The Raft of the Medusa (1818-1819), by Theodore Gericault / The Louvre, Paris
By Dolly Stolze / 08.18.2015
The Raft of the Medusa (1818-1819) is an impressive oil painting that is 16 feet by 23 feet by French Romantic master Théodore Géricault (1791-1824). The painting, which hangs in the Louvre in Paris, portrays the twisted bodies of the dead and dying on a raft built from the shipwreck of the French naval frigate Méduse. To prepare for painting the carnage depicted in his masterpiece, Géricault studied and painted decomposing body parts he obtained from morgues and hospitals.
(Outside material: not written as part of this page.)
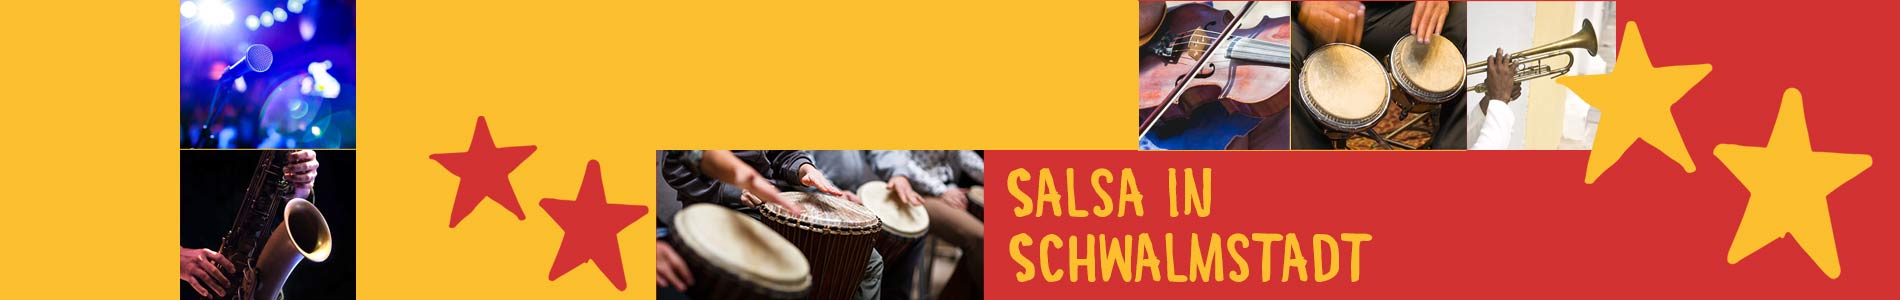 Salsa in Schwalmstadt – Salsa lernen und tanzen, Tanzkurse, Partys, Veranstaltungen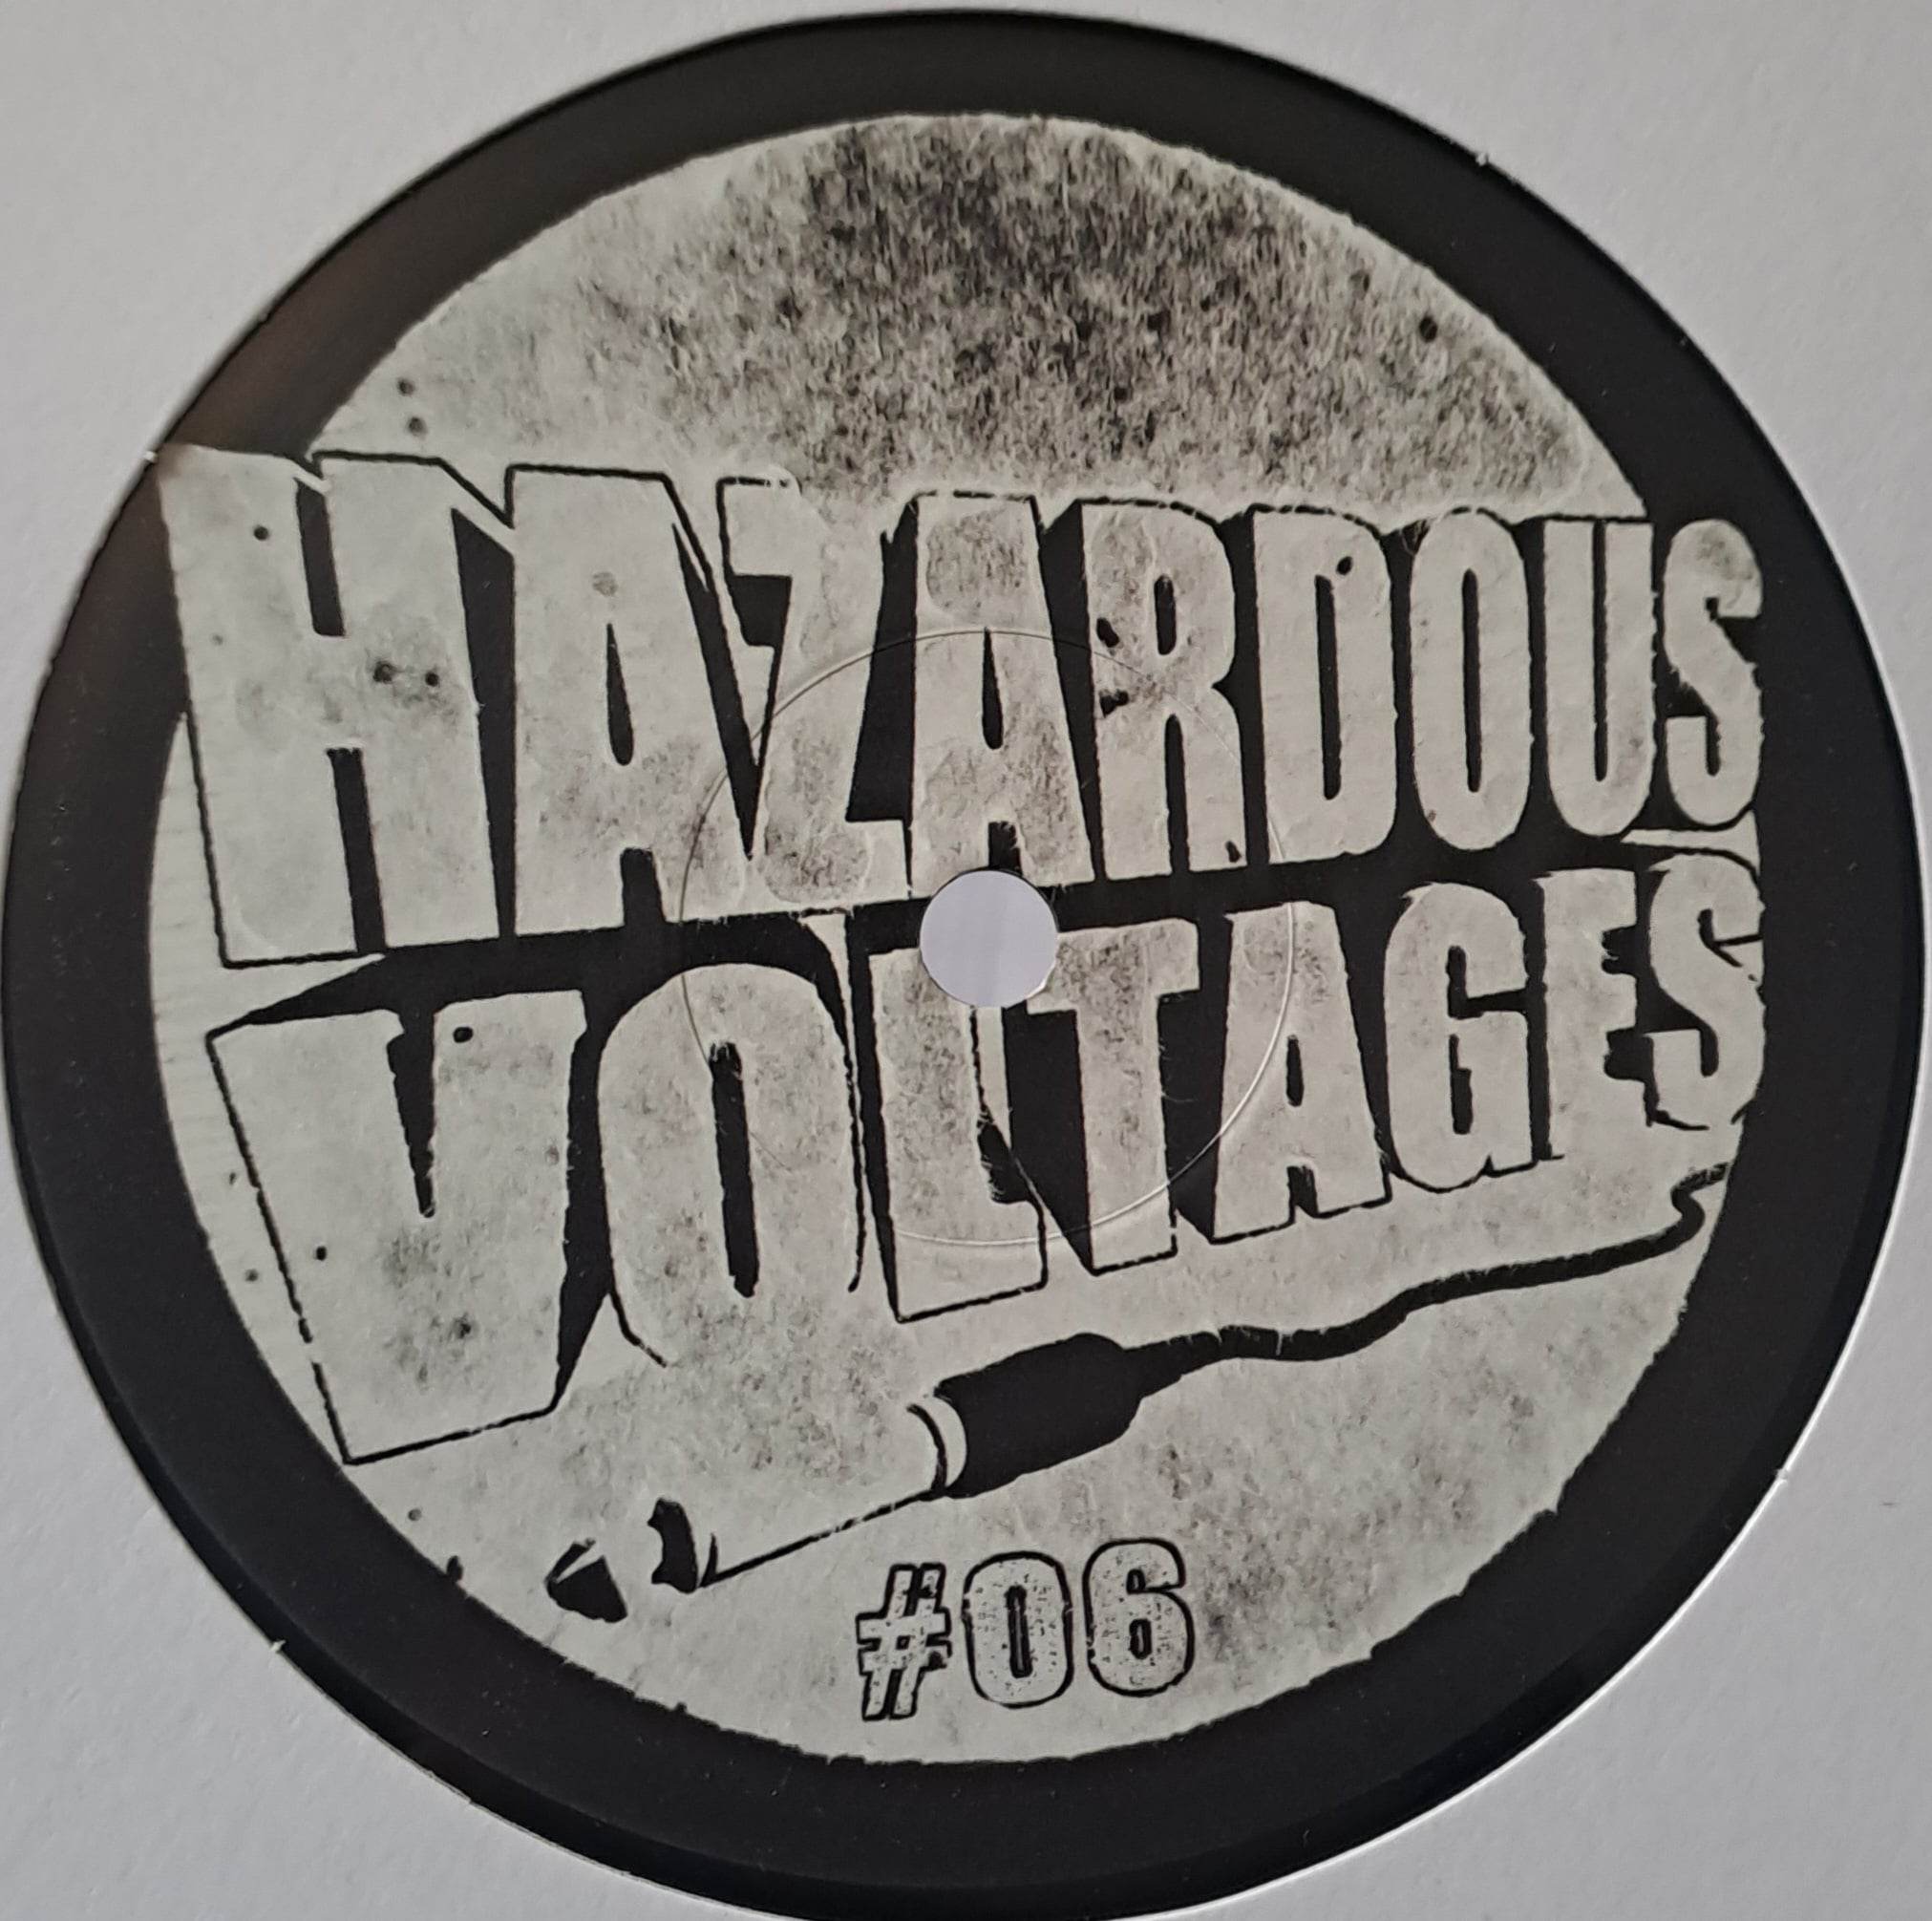 Hazardous Voltages 06 (toute dernière copie en stock) - vinyle acid

On June 17, 1816 the Méduse departed from southwest France for the Republic of Senegal in West Africa. The frigate ran aground off the coast of modern-day Mauritania, just north of Senegal, on July 2nd. Some of the survivors decided to construct a raft out of the wreckage because there weren’t enough life boats. After the raft was completed about 150 of shipwreck survivors were set adrift on July 5th. While they were lost at sea most of the raft’s passengers died, and the rest suffered dehydration, starvation, and practiced cannibalism. When the survivors on the raft were rescued, 12 days later on July 17th, there only 15 people of the 150 alive (Puchko 2015).